B.  L’agent des visas a-t-il déraisonnablement omis d’examiner si M. Li devait bénéficier d’une exception?

[19]  M. Li affirme que l’arrêt Medel c Canada (Ministre de l’Emploi et de l’Immigration), [1990] 2 CF 345 (CAF) [Medel] permet une exception lorsque les demandeurs sont en mesure de démontrer qu’ils pensaient honnêtement et raisonnablement qu’ils ne retenaient aucun renseignement important. M. Li soutient que l’agent des visas avait l’obligation légale d’examiner si l’exception de l’arrêt Medel s’appliquait, et de donner des raisons pour ne pas l’accorder.

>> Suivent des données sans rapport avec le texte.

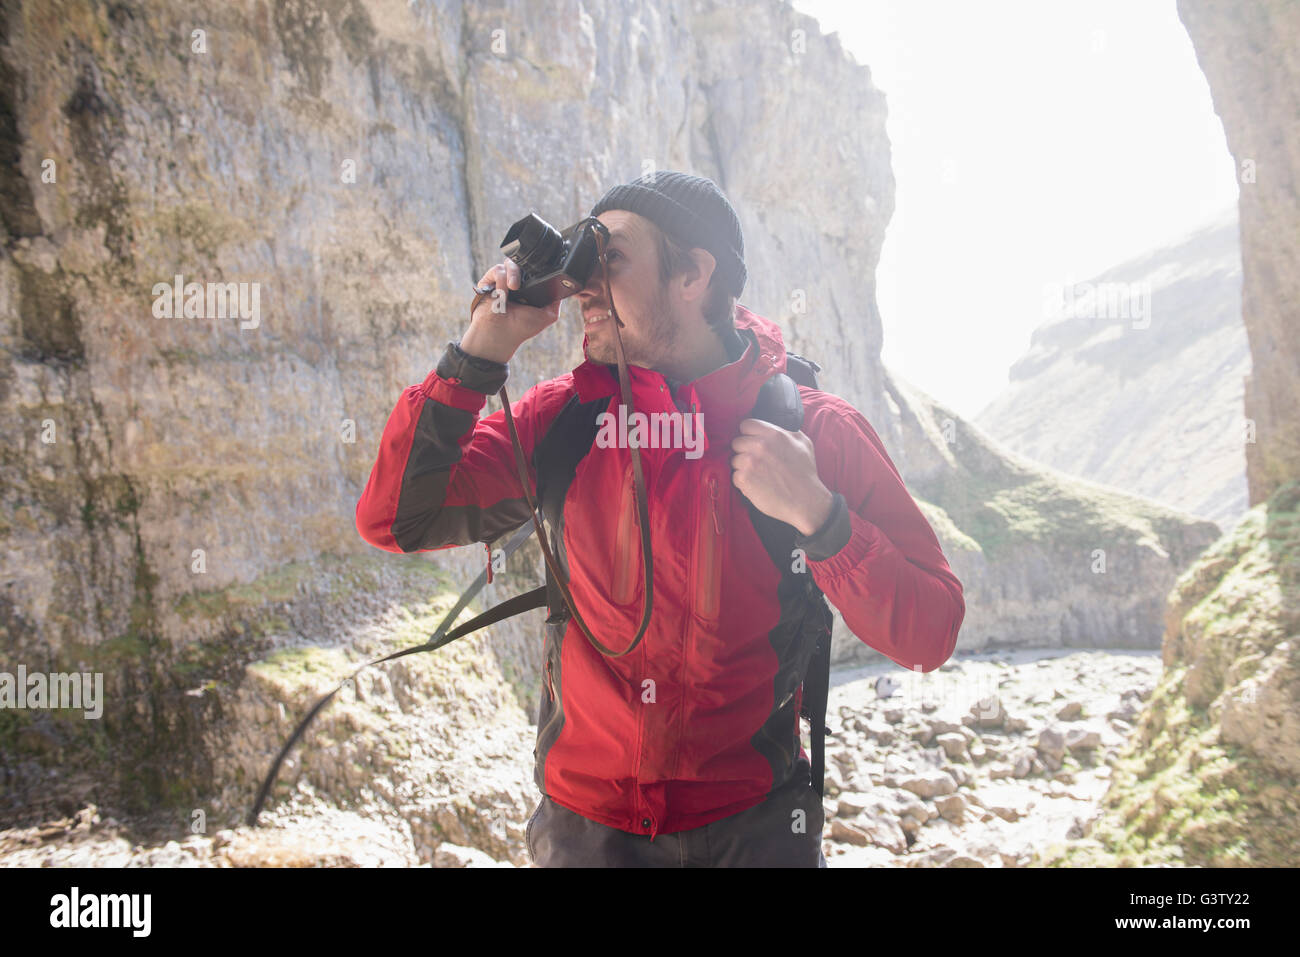 L'alpiniste escalade sur les rochers, de prendre des photographies dans un terrain accidenté. Banque D'Images

[20]  Une demande de visa de résident temporaire appelle une norme très restreinte d’équité procédurale (Oloumi, au paragraphe 44). Les demandeurs dans la décision Oloumi, comme en l’espèce, étaient non seulement confrontés à la possibilité que leur demande puisse être rejetée, mais également qu’ils puissent être déclarés interdits de territoire conformément à l’alinéa 40(1)a) de la LIPR. Comme M. Li, ils ont reçu une lettre relative à l’équité procédurale et ont eu l’occasion d’y répondre.

[21]  M. Li a répondu à la lettre relative à l’équité procédurale en se contentant d’affirmer sommairement qu’il avait mal compris la question. Cependant, comme l’a noté l’agent des visas « le formulaire de demande vise clairement à savoir s’il y a eu arrestation, accusation ou condamnation ». Compte tenu de la formulation claire du formulaire de demande, et de l’omission de M. Li de fournir une explication raisonnable de son erreur, je ne suis pas convaincu que l’agent des visas était obligé de tenir compte de l’exception prévue dans l’arrêt Medel ou d’expliquer pourquoi elle n’était pas applicable dans son cas.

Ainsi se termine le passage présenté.